Monday, October 17, 2005

Won't Anyone Think of the Children?

I'm sure this will be all over the blogosphere by now (I saw it in the Times yesterday), but it's a sad Monday at Kellenberg Memorial High School of Uniondale, New York today. Their principal has just cancelled the prom.

Yes, I know - it sounds like the plot of a lost John Hughes movie, or perhaps the straight-to-video sequel to Footloose. But it's true. The Times website requires registration, but there's a similar article at (of all places) The Duluth News-Tribune. But I guess it's not that surprising after all; teens in Duluth are united in mourning with the teens of Uniondale today. For when a prom dies anywhere, it's as if all proms die everywhere.

(The slightly different story I read, by-lined the Associated Press, is here, from Long Island's own Newsday.)

This picture shows some of the sad teens of Kellenberg, who will have to find other, less time-hallowed ways to get utterly drunk, have bad sex, and buy unsuitable formal wear this year. You can see the sadness in their eyes, the knowledge that they'll have to wait until Janet Roccocio's parents go out of town on their annual ski trip to Vail to have that big blow-out kegger that they're dreaming of. The caption claims that they're "propos[ing] a tamer event," and they may even look happy. But, friends, don't believe it; look at those sad, haunted eyes. All the teens of Kellenberg Memorial are dragging their feet this morning; all of their skies are dark and cloudy. And they may settle for a tamer event, but only if the only other option is to go prom-less.

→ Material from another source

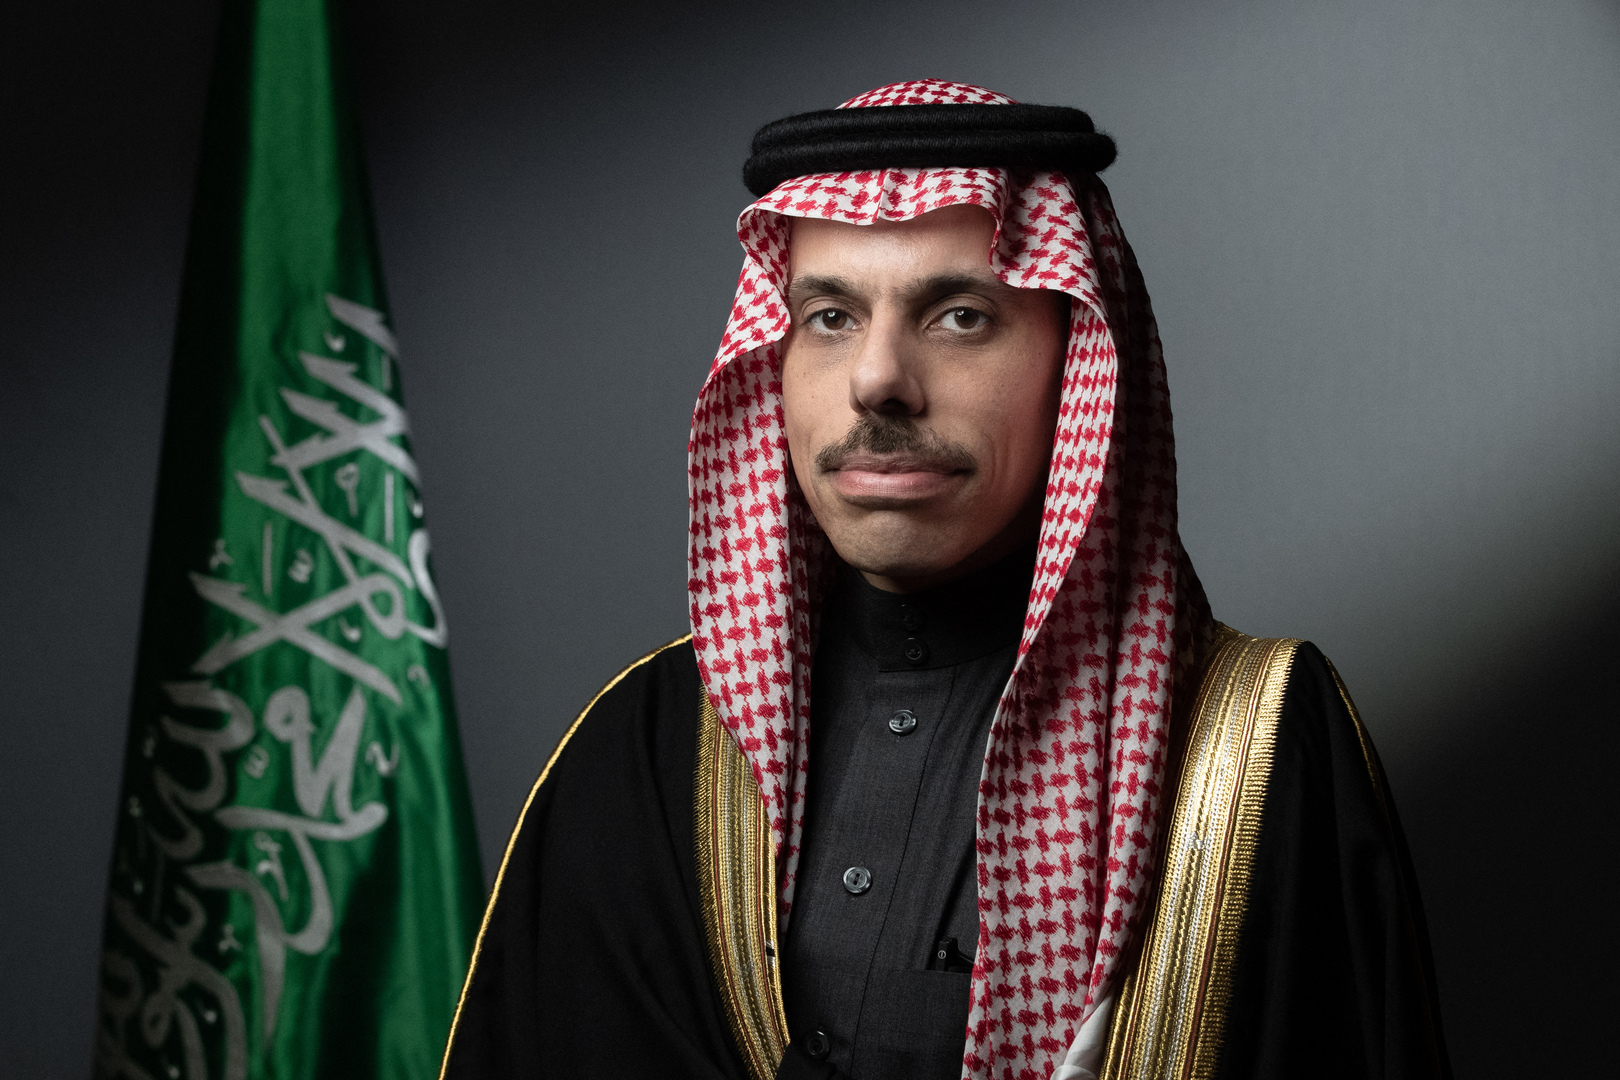 السعودية: منفتحون على الحوار مع إيران وعودة دمشق للحضن العربي لكن من المبكر الحديث عن ذلك

Unlike a John Hughes movie, Kellenberg's principal - Brother Kenneth Hoagland - claims that he's not primarily worried about "the sex/booze/drugs that surround this event, as problematic as they might be." Oh, no. Brother Hoagland, who runs a private school that costs $6,025 a year, is worried about "the flaunting of affluence."

So, kids, here's how it is. Your parents are pretty well-off, you live in a good Long Island town, and you go to a pricey school. But once you start flaunting your affluence, that old debbil gonna get you. So, for now, you need to pretend that you're poor. You'll have plenty of time to break out the flashy cars and the Hamptons beach houses once you're safely into an expensive private college.

I'm not sure I believe Brother Hoagland, but it's an interesting turn of events that he has to deny that stopping Catholic teenagers from drinking, doing drugs and bonking each other is not his primary purpose. I certainly always thought that was the natural role for a principal, particularly one in charge of a parochial school. But we live and learn. Being obviously rich, I see, is worse than a one-night stand with a cheerleader, or smoking with the stoners down by the band-room door.

One last thought: who names a Catholic school "Kellenberg Memorial," anyway? Have we run out of saints? Why, when I was a boy, my friends went to good honest Catholic schools like Sacred Heart of Mary, DePaul, Our Lady of the Valley, and The Flayed Mortal Remains of Our Lord. I for one deplore this modern tendency to make an upstanding Catholic school sound like a hospital in central Ohio.

1 comment:

Lynn Kendall said...

My favorite Catholic high school name: Philadelphia's Father Judge.